The way you describe the construction would put enormoue weight on the concrete slab. To expect no settling is not logical.
I would recommend cutting through the concrete at various places and pouring footings below the frost line. The number and location of these footings would need to be planned out.
Ron


----------



## joedelli (Apr 23, 2011)

Ron, I appreciate the comments. However, I should have said that the concrete patio has done its settling after 30 years. We built the patio digging down to stable gravel, compacted and re-enforced with wire and the concrete was high psi commercial grade. As far as weight disbursement, I planned on using concrete blocks for support (much like the precast deck piers) under the deck framing. I forgot to mention that I may have to secure the deck to the concrete to meet code. But it still has to be a floating deck.


----------



## Ron6519 (Mar 28, 2007)

joedelli said:


> Ron, I appreciate the comments. However, I should have said that the concrete patio has done its settling after 30 years. We built the patio digging down to stable gravel, compacted and re-enforced with wire and the concrete was high psi commercial grade. As far as weight disbursement, I planned on using concrete blocks for support (much like the precast deck piers) under the deck framing. I forgot to mention that I may have to secure the deck to the concrete to meet code. But it still has to be a floating deck.

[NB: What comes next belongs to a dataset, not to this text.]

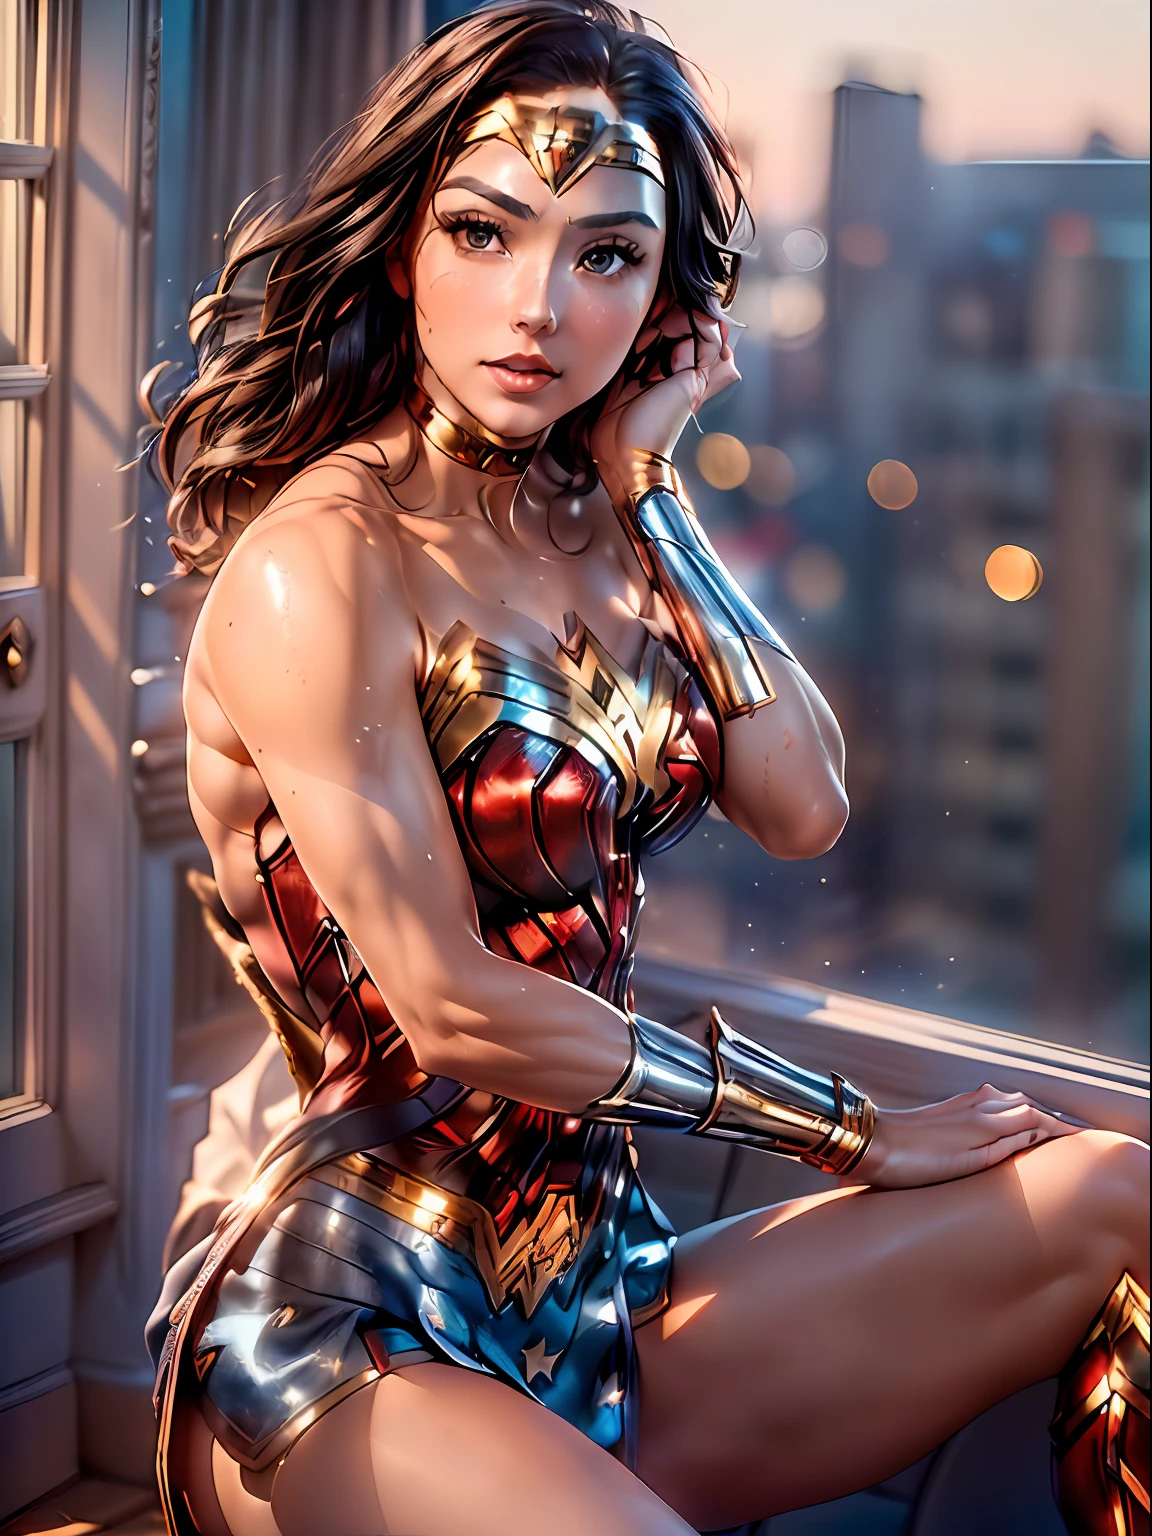 (Masterpiece, high resolucion, Realistis:1.4), (It depicts a stunning Wonder Woman leaning against a window on the top floor of the building:1.3), (Her face was basking in the warm sunshine, With the wind, She gently shook her flowing dark hair:1.2), (Her eyes are an alluring blue, It sparkles intensely:1.4), (Her flawless skin-radiating beauty:1.3), (Her body exudes charm and perfection, wearing a wonder woman costume:1.2), tiara, red and gold bustier, blue leotard with white stars, silver bracelets, (Red knee high boots:1.2), golden belt, (Wonder Woman clothing:1.0), bare shoulder, ((light tan skin: 1.4)), mature, Sexy, elastic muscles, (Muscular: 1.2), ((strong and healthy body)), (((the more) Muscular))), cleavage, Long leg, curved, rib, thin-waist, soft waist, (fine detailed skin), (beautiful and sexy woman), (swollen lips: 0.9), (eyeslashes: 1.2), very delicate muscles, (Canon EOS R5 Mirrorless Camera:1.3), (Pairing with Canon RF 85mm f/1.2L USM lens:1.3), (Capture every detail of her captivating presence:1.2), (Hotel room settings with panoramic cityscapes:1.3), (Floor-to-ceiling windows let in plenty of natural light.:1.2), (silky, The modern interior design adds to the charm:1.1), (Enchanting photo of a model with the most symmetrical and beautiful face in the world:1.4)

I was aware of what you were going to do. I'm just telling you it's the wrong way of doing it.
You can do it anyway you want. But you posted here for a reason, so my advice was meant to enlighten you.
There will be others who will give advice. See what they say.
Ron


----------



## blewline (Aug 22, 2012)

The right way to do it is remove the concrete patio and follow Rom's recommendations of posts that a cemented into the ground below the frost line period. Anything else is then removing the concrete slab would be a mistake. It couldn't take more then a day or two to remove the concrete and should be around 5 cubic yard if it's pure concrete and perhaps up to $10 if it's not clean.


----------